Featuring incredibly weird and wild data from the [National Electronic Injury Surveillance System (NEISS)](https://www.cpsc.gov/Research--Statistics/NEISS-Injury-Data). You can find documentation [here](https://github.com/jsoma/NICAR22-pandas/blob/main/fancy-data/2018-NEISS-CPSC-only-CodingManual.pdf).

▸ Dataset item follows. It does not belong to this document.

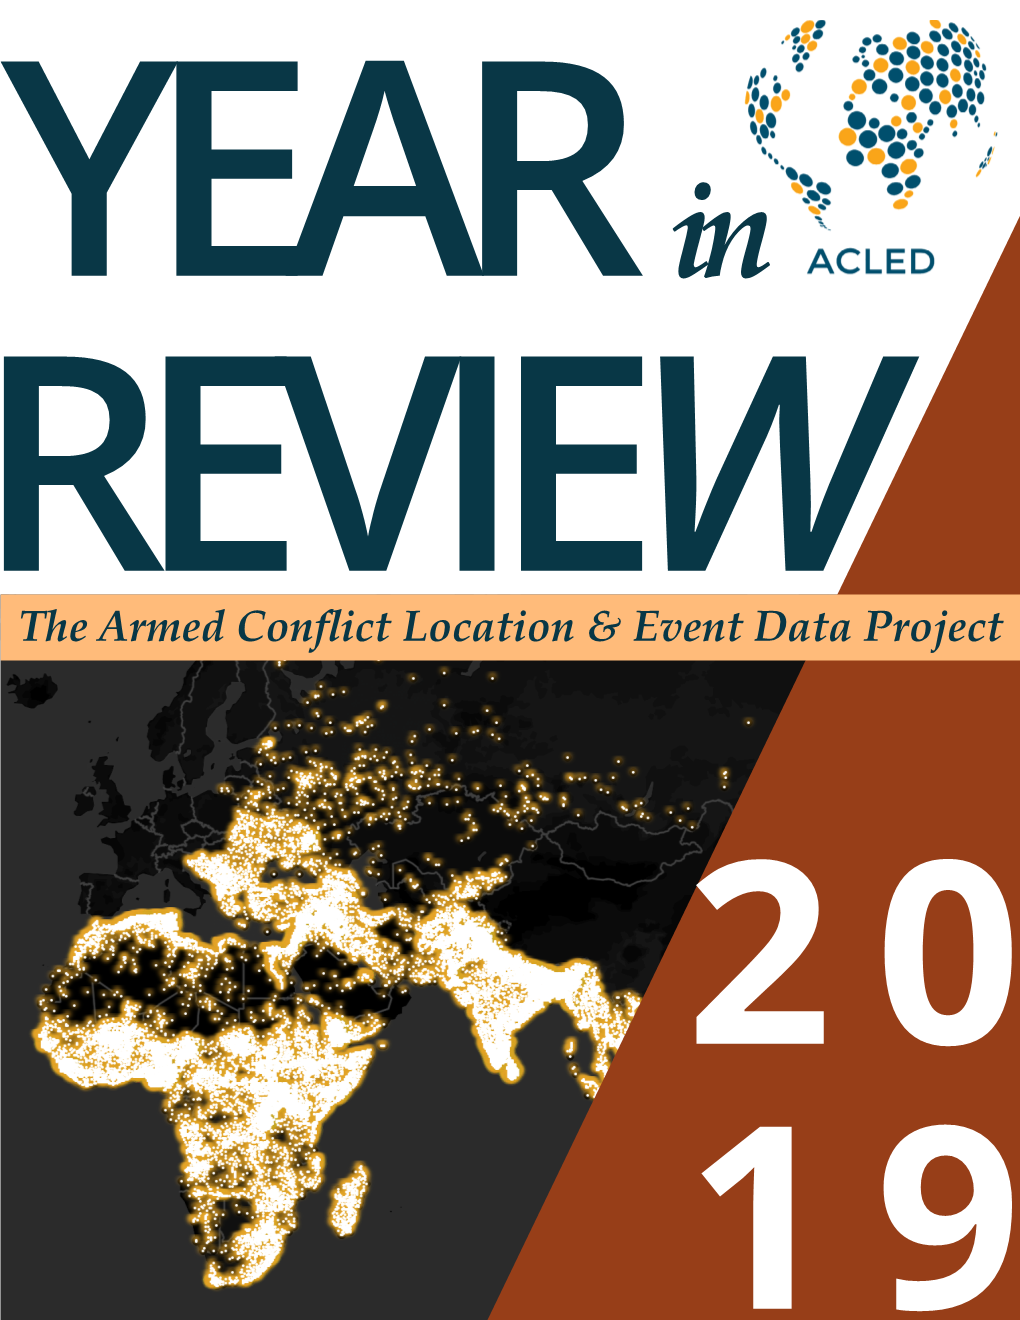 The Armed Conflict Location & Event Data Project
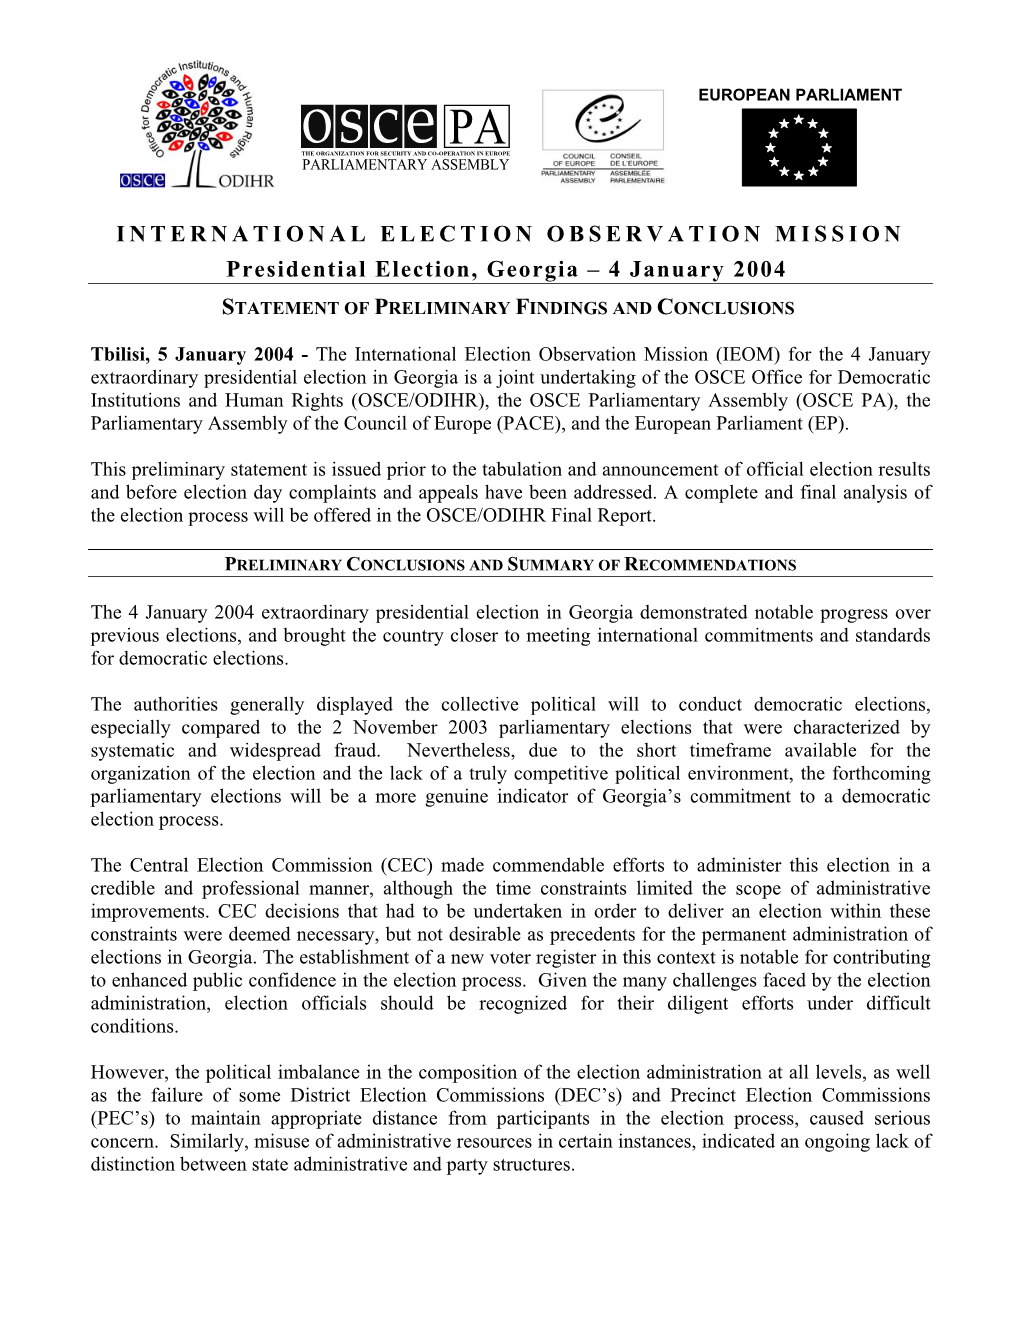 INTERNATIONAL ELECTION OBSERVATION MISSION Presidential Election, Georgia – 4 January 2004 STATEMENT of PRELIMINARY FINDINGS and CONCLUSIONS

## Download the files we're going to need

In [None]:
import requests

response = requests.get("https://raw.githubusercontent.com/jsoma/NICAR22-pandas/main/fancy-data/neiss_cleaned.tsv")
with open('neiss_cleaned.tsv', 'w') as f:
    f.write(response.text)
    
response = requests.get("https://raw.githubusercontent.com/jsoma/NICAR22-pandas/main/fancy-data/products.csv")
with open('products.tsv', 'w') as f:
    f.write(response.text)

## Reading in our data

I'll give you this one for free!

In [None]:
import pandas as pd
import numpy as np

pd.set_option("display.max_colwidth", None)
pd.set_option("display.max_columns", None)

In [None]:
df = pd.read_csv("neiss_cleaned.tsv", sep='\t', encoding='latin-1')
df.head()

## Cleaning up our data

### Age

In [None]:
df.Age.median()

In [None]:
df.Age.hist()

In [None]:
df = df[df.Age < 200]
df.Age.hist()

## Gender

In [None]:
df.Sex.value_counts()

In [None]:
df.Sex = df.Sex.replace({
    1: 'Male',
    2: 'Female',
    0: np.nan
})

In [None]:
df.head()

In [None]:
df.Sex.value_counts()

In [None]:
df.Sex.value_counts(normalize=True)

### Race

In [None]:
df.Race.value_counts()

In [None]:
df.Race = df.Race.replace({
    1: 'White',
    2: 'Black/African American',
    4: 'Asian',
    5: 'American Indian/Alaskan Native',
    6: 'Native Hawaiian/Pacific Islander',
    3: 'Other',
    0: np.nan
})

In [None]:
df.Race.value_counts()

## Searching through our data

In [None]:
df.Other_Race.value_counts()

In [None]:
df.Other_Race.value_counts().head(30)

In [None]:
df[df.Other_Race.str.contains("HISP", na=False)]

In [None]:
df[df.Other_Race.str.contains("HISP", na=False)].Other_Race.value_counts()

## Wall punching!

In [None]:
df[df.Narrative_1.str.contains("PUNCH")]

In [None]:
punchers = df[df.Narrative_1.str.contains("PUNCH.*WALL")]
punchers

In [None]:
punchers.Age.hist()

In [None]:
punchers.Sex.value_counts().plot(kind='barh')

## A supplemental dataset

We're going to merge with another dataset.

In [None]:
products = pd.read_csv("products.csv")
products.head(10)

In [None]:
# 136 - drinking fountain
# 1660 - umbrellas
# 1934 - hot water

df[df.Product_1 == 136]

## Merging our datasets

In [None]:
merged = df.merge(products, left_on='Product_1', right_on='product_code')
merged.head()

In [None]:
merged.product_name.value_counts()

In [None]:
merged[merged.Narrative_1.str.contains("PUNCH")].product_name.value_counts().head(20)